**** The input ****
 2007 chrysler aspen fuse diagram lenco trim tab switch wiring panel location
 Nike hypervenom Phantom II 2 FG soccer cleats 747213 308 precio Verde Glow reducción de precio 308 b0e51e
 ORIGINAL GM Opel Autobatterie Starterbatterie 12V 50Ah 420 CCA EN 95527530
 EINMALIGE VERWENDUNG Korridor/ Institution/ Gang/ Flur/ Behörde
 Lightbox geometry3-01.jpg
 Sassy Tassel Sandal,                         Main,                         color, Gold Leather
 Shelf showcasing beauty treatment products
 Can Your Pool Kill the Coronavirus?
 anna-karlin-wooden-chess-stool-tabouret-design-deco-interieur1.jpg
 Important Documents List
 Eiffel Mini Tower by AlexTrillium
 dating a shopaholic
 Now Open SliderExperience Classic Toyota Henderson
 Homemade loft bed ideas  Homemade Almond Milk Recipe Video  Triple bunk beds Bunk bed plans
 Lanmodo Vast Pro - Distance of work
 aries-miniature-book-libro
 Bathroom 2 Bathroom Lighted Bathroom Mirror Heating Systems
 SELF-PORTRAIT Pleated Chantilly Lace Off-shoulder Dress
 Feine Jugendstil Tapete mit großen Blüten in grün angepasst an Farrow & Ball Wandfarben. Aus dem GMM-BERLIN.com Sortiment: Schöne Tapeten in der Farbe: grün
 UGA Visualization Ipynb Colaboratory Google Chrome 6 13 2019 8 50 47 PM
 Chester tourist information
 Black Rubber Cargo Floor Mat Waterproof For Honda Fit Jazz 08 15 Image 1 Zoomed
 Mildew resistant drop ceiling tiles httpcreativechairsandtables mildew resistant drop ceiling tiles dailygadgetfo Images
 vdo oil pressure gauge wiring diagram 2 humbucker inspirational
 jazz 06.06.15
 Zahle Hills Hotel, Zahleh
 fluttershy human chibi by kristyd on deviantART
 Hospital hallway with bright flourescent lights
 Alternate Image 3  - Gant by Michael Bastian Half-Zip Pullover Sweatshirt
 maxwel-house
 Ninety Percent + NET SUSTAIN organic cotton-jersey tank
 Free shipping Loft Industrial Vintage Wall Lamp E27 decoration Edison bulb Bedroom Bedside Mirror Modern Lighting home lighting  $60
****
* _Task to complete_: Your response should hold only an exact copy of the lines above, from the one containing "fluttershy human chibi" through the end of the entries.

* _Answer space_:
 fluttershy human chibi by kristyd on deviantART
 Hospital hallway with bright flourescent lights
 Alternate Image 3  - Gant by Michael Bastian Half-Zip Pullover Sweatshirt
 maxwel-house
 Ninety Percent + NET SUSTAIN organic cotton-jersey tank
 Free shipping Loft Industrial Vintage Wall Lamp E27 decoration Edison bulb Bedroom Bedside Mirror Modern Lighting home lighting  $60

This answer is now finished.